Il lavoro della Telkes sull’energia solare è continuato, sempre ispirato all’idea originale, molto “ecologica” e ”sostenibile”, di “consumare” meno energia fossile e di risolvere problemi umani, di mancanza di beni essenziali, dall’acqua potabile al calore per cuocere; a lei si devono vari fornelli solari, molto semplici, per esempio costituiti da quattro pezzi di lamiera inclinati in modo da riflettere la radiazione solare su una pentola, posta nel “fuoco” di questo semplice collettore. I fornelli solari erano pensati per i paesi poverissimi, in cui le donne dei villaggi potessero
cuocere il cibo evitando di bruciare legno o carbonella in fornelli fumosi.
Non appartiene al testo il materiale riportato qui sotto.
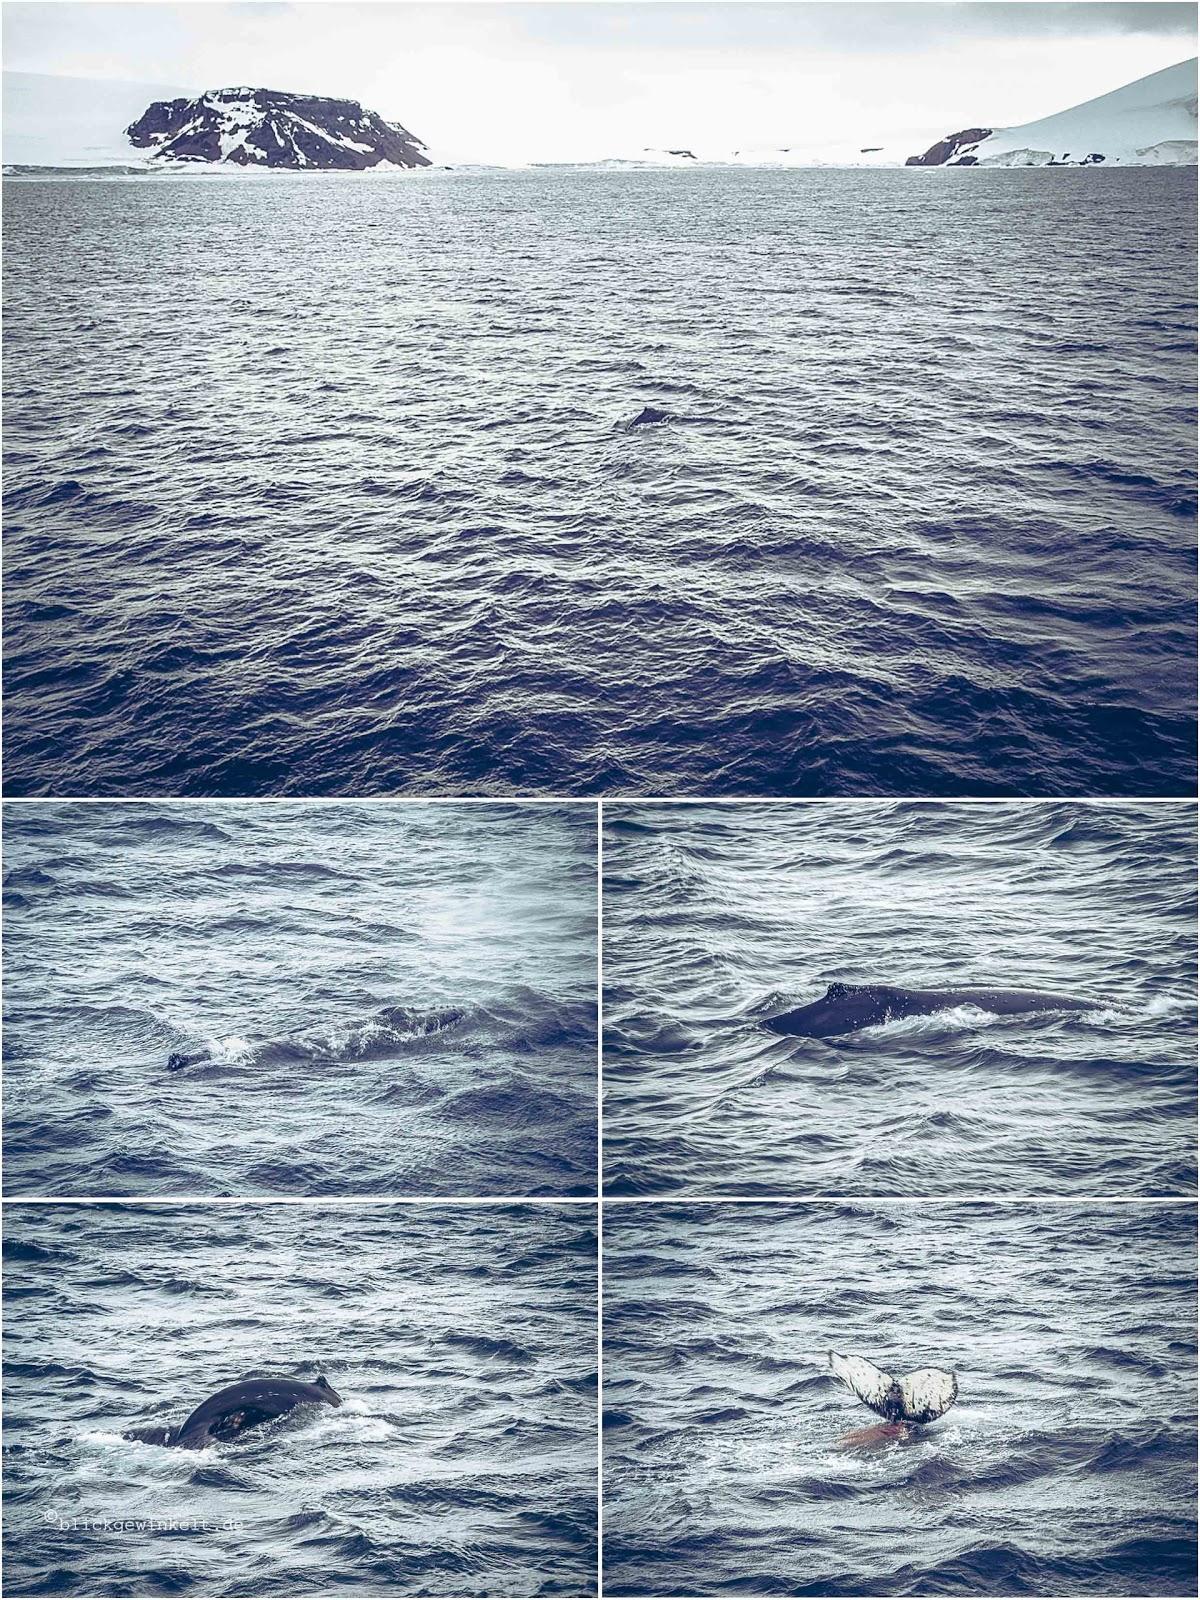 Walbilder mit rotem Krill

Negli anni quaranta e cinquanta del Novecento la Telkes aveva condotto anche interessanti ricerche, in parte brevettate, sulla termoelettricità. In quegli anni, prima della scoperta (1954) dei semiconduttori a base di silicio, per ottenere elettricità dall’energia solare si poteva contare soltanto sulle proprietà fotoelettriche del selenio, utilizzato negli esposimetri delle macchine fotografiche e in dispositivi per l’apertura automatica delle porte scorrevoli; quando la persona in entrata interrompeva un raggio di luce che colpiva appunto una cella fotoelettrica, si metteva in moto il comando elettrico dell’apertura. Il rendimento era però molto basso e l’effetto termoelettrico sembrava promettente per applicazioni solari.
Un’idea già proposta da Antonio Pacinotti (1841-1912).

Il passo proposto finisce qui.